EXTRACTED ENTRIES below:

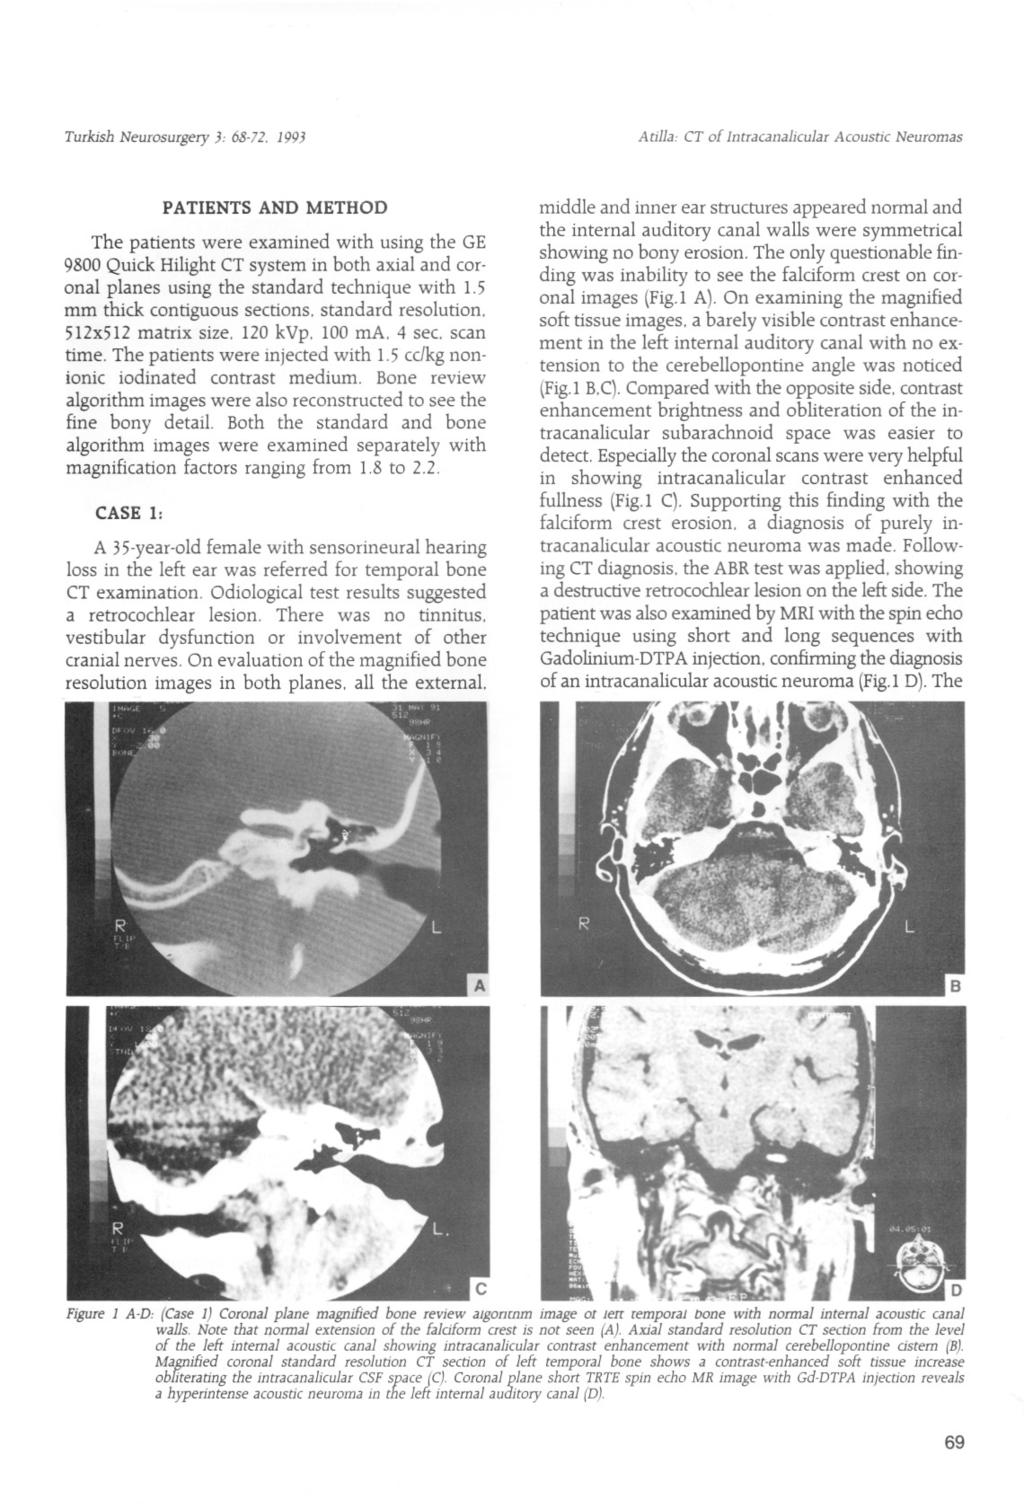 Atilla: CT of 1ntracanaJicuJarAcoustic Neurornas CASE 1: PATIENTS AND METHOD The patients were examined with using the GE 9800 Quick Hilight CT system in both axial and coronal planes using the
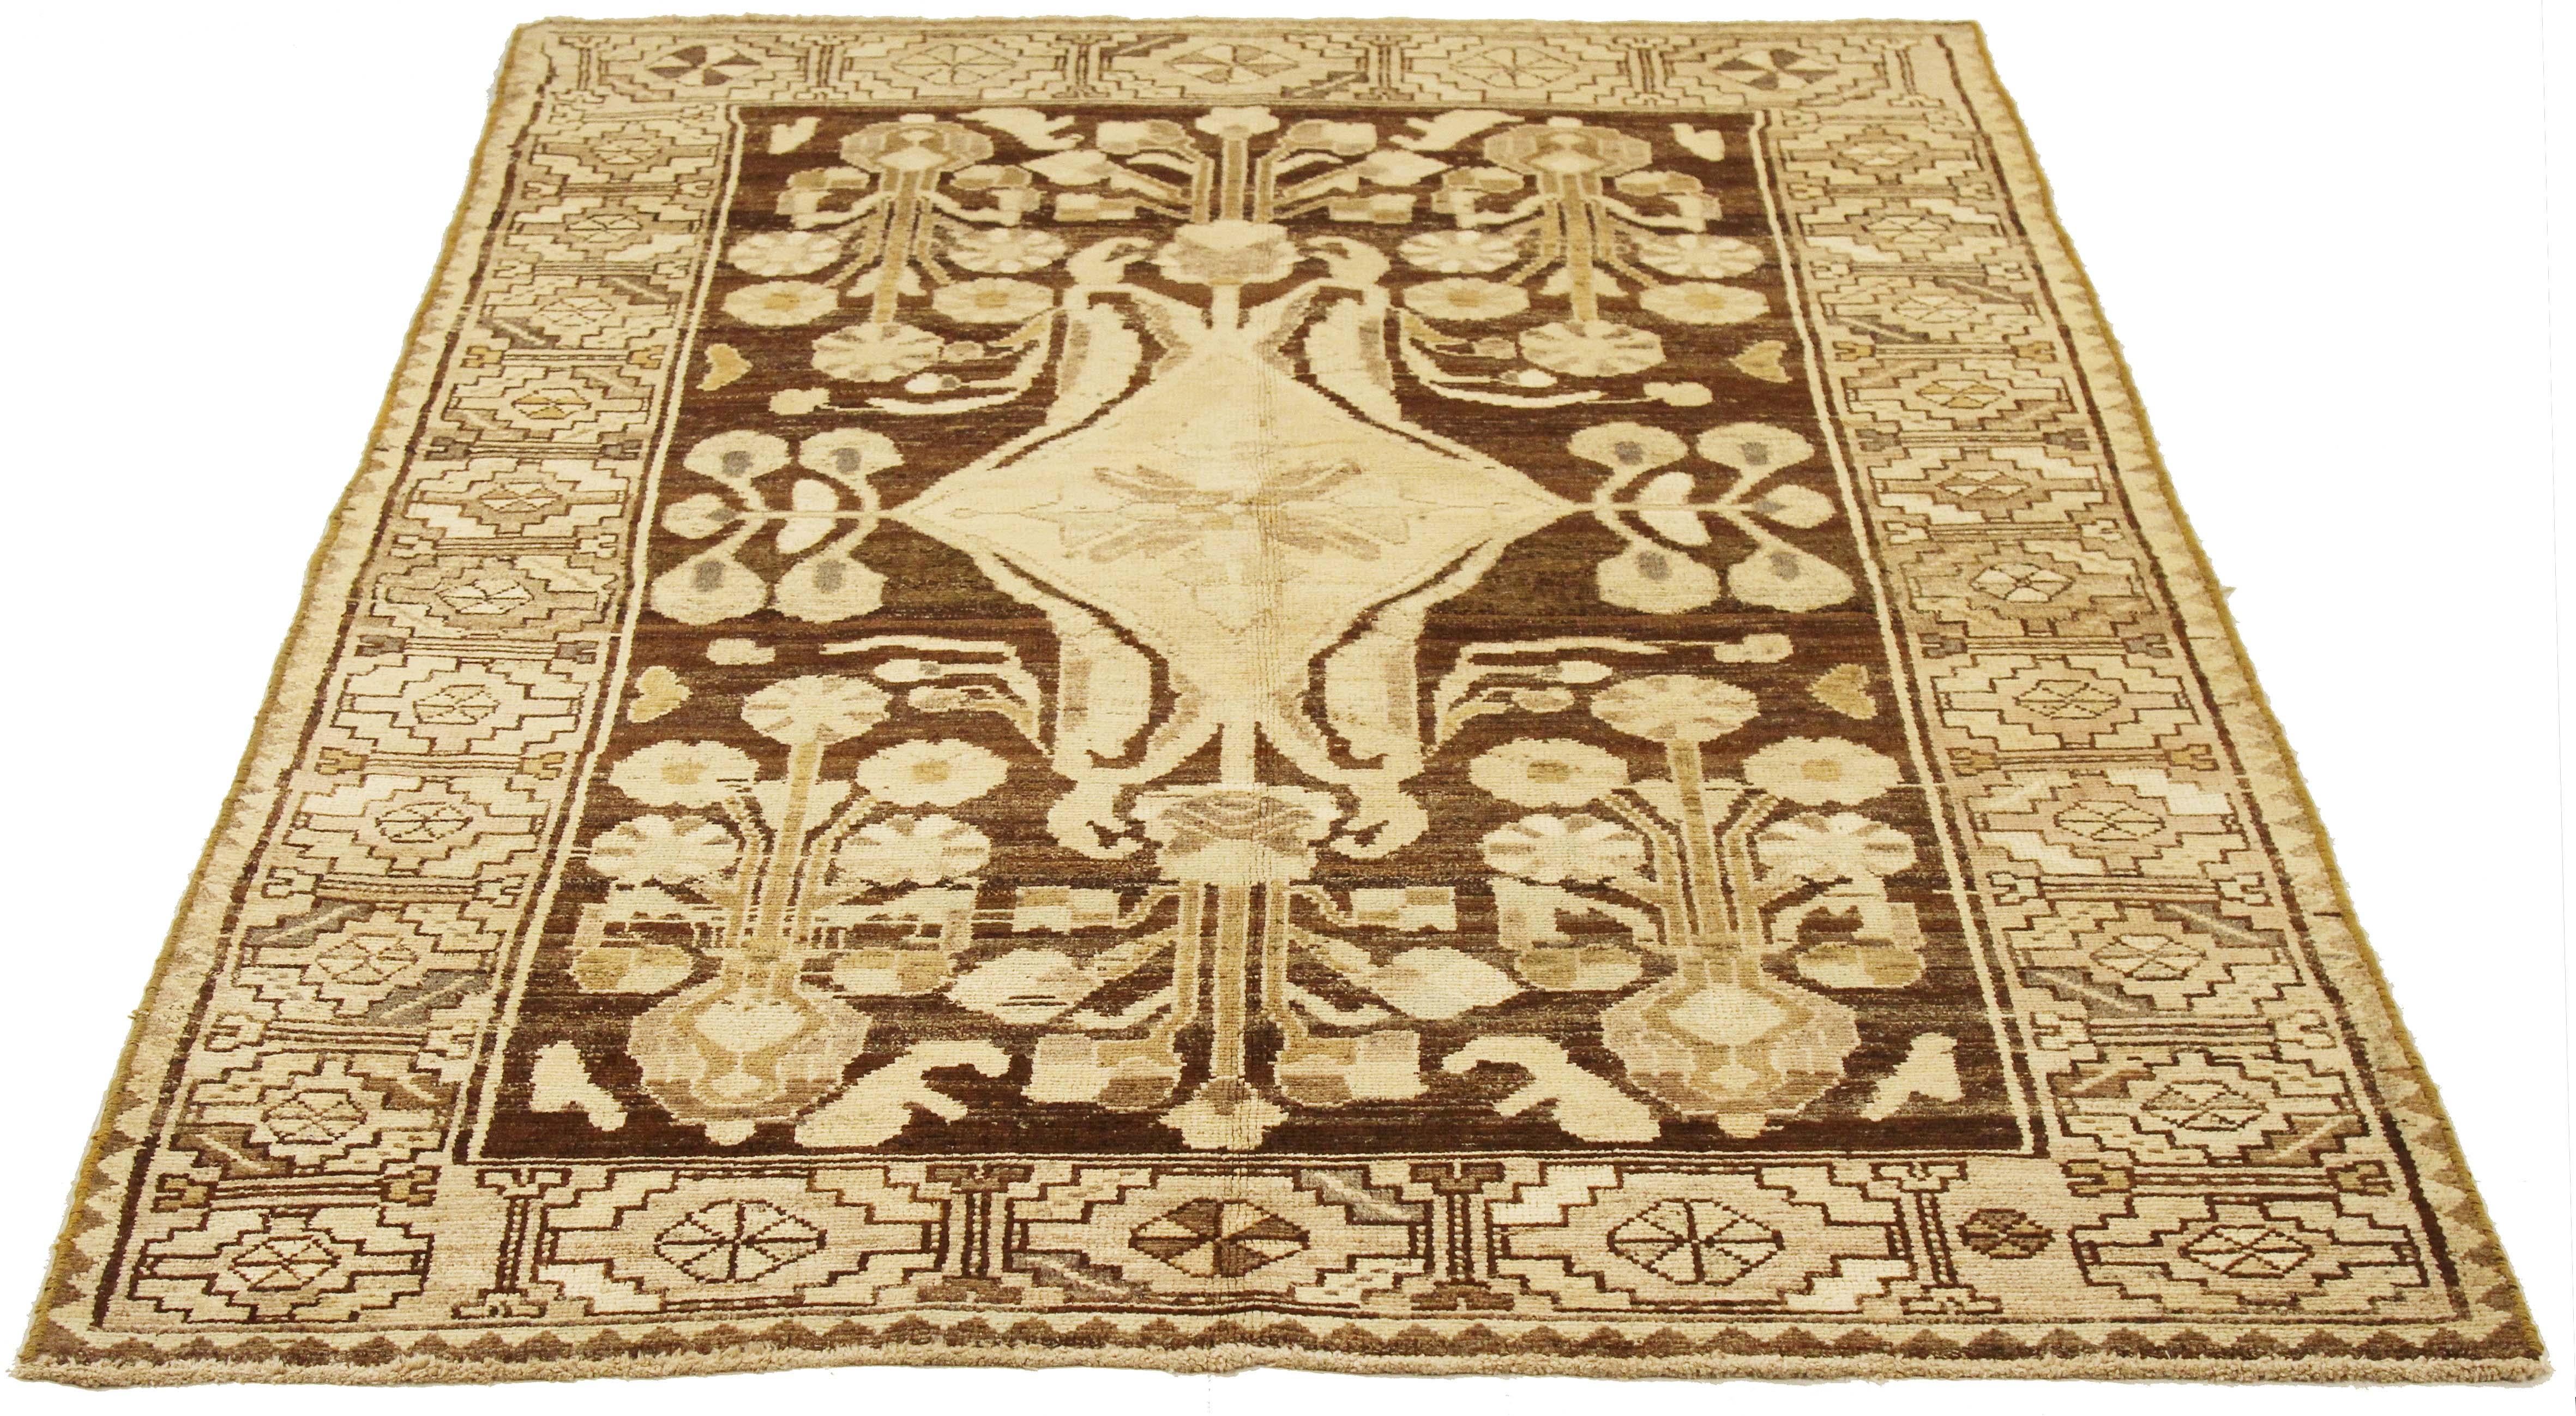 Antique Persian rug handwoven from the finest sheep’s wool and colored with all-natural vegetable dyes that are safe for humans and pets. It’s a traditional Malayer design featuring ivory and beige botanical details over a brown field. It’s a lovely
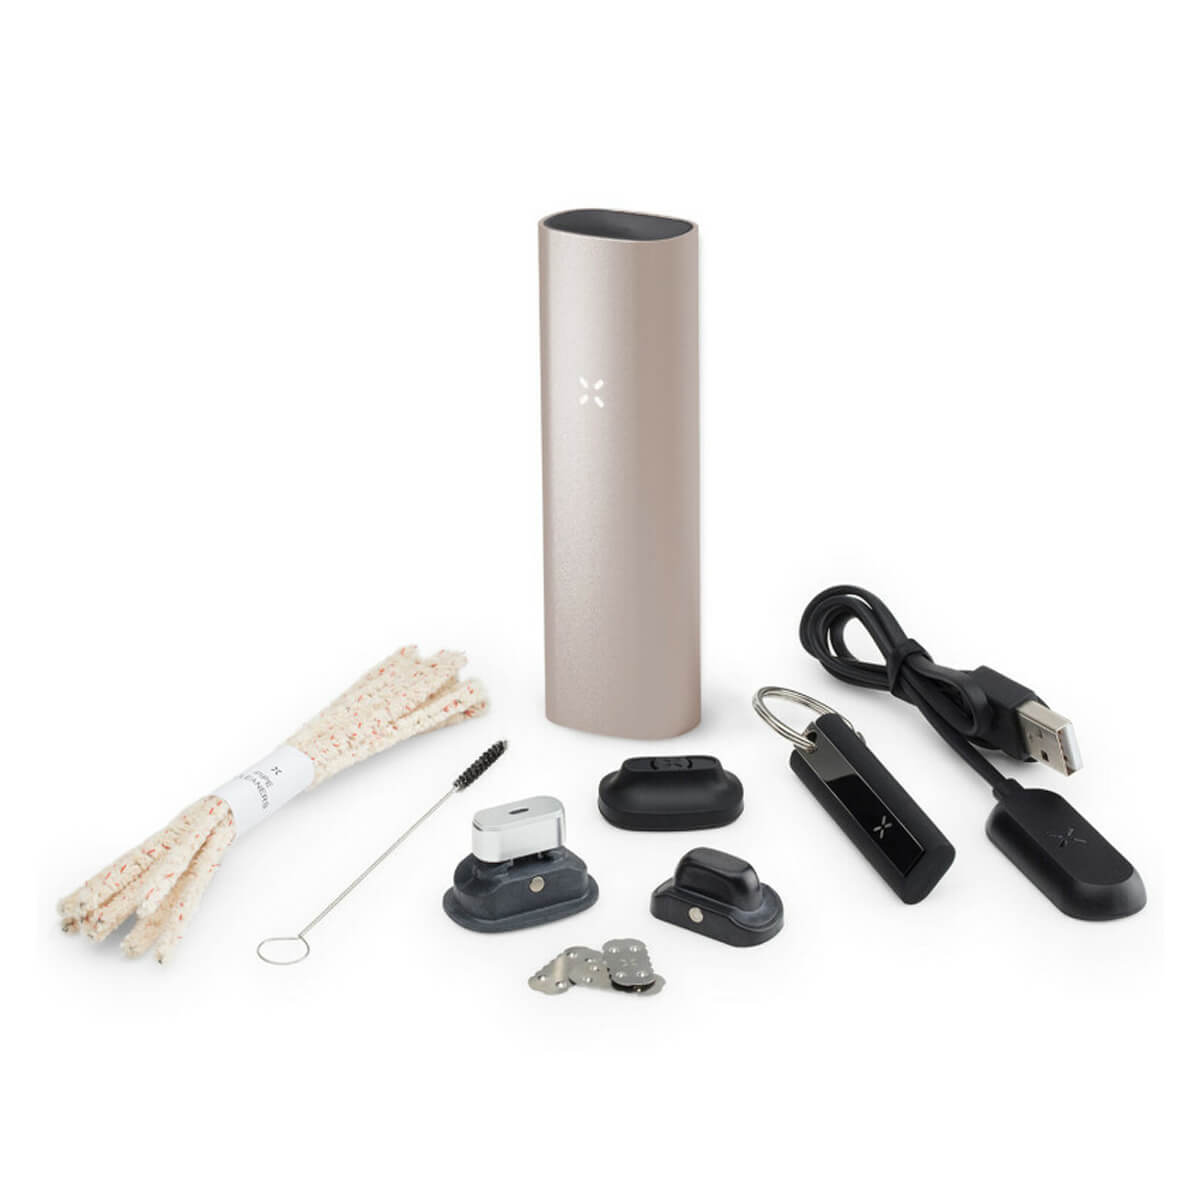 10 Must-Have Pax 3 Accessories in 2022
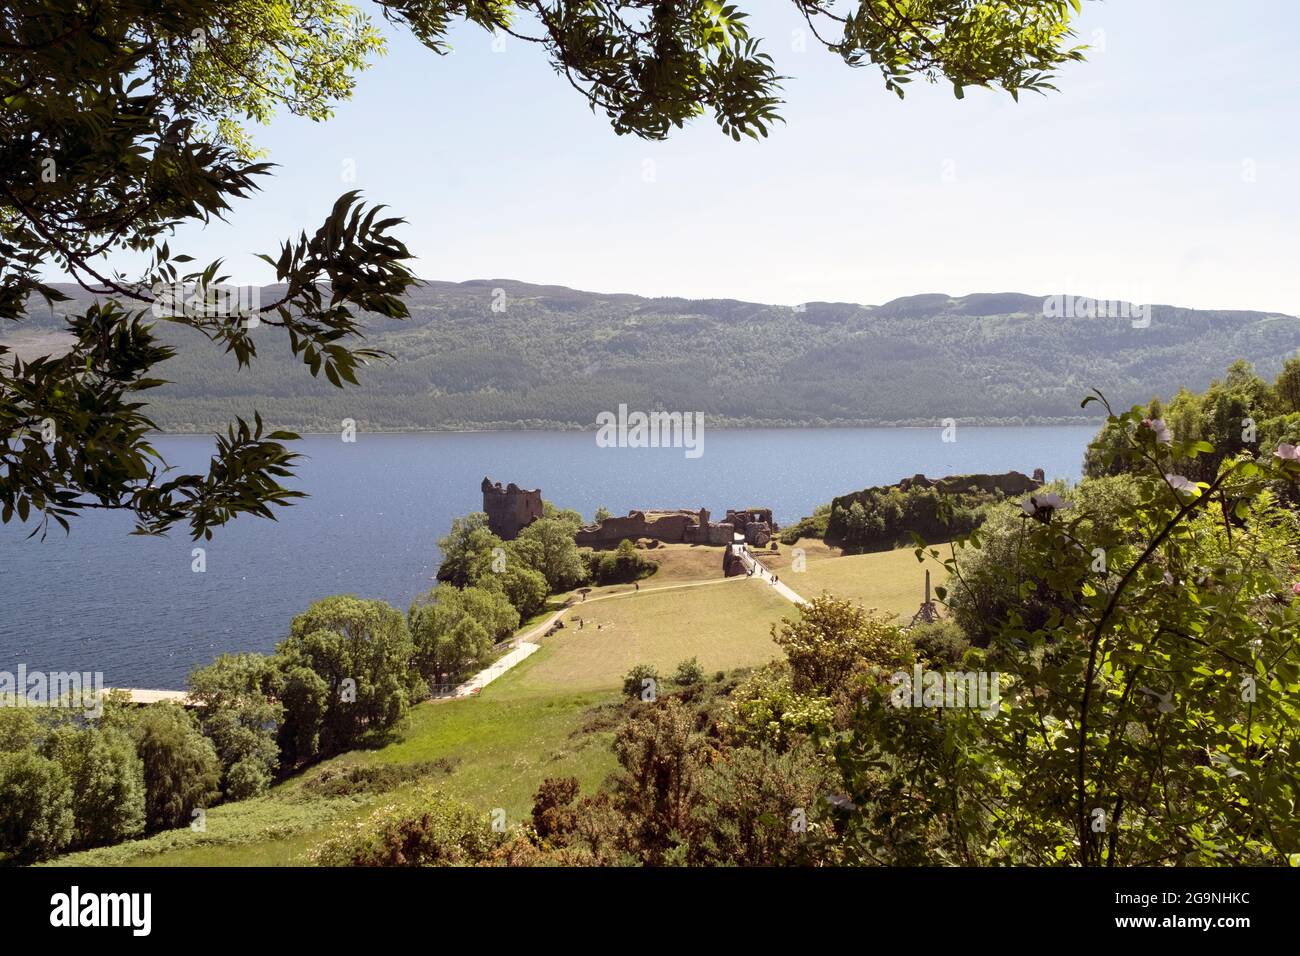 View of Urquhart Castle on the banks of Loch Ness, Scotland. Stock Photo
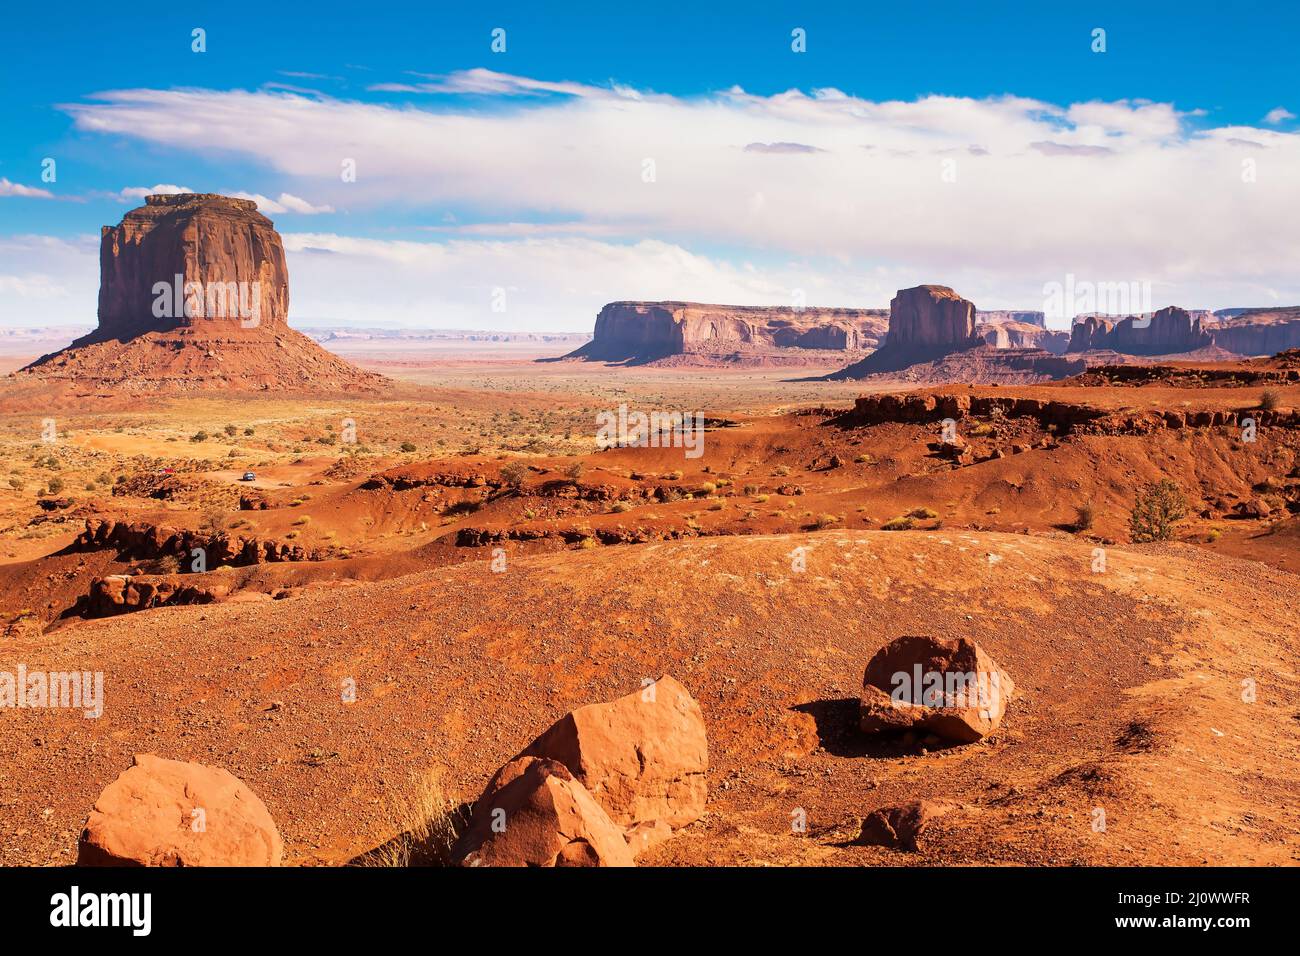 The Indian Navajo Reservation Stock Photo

End of EXTRACTED ENTRIES.

#### AIM OF THE EXERCISE
With images left out, the data must be transcribed exactly.

#### RESPONSE TO THE TASK
 Atilla: CT of 1ntracanaJicuJarAcoustic Neurornas CASE 1: PATIENTS AND METHOD The patients were examined with using the GE 9800 Quick Hilight CT system in both axial and coronal planes using the
 Antique Persian rug handwoven from the finest sheep’s wool and colored with all-natural vegetable dyes that are safe for humans and pets. It’s a traditional Malayer design featuring ivory and beige botanical details over a brown field. It’s a lovely
 10 Must-Have Pax 3 Accessories in 2022
 View of Urquhart Castle on the banks of Loch Ness, Scotland. Stock Photo
 The Indian Navajo Reservation Stock Photo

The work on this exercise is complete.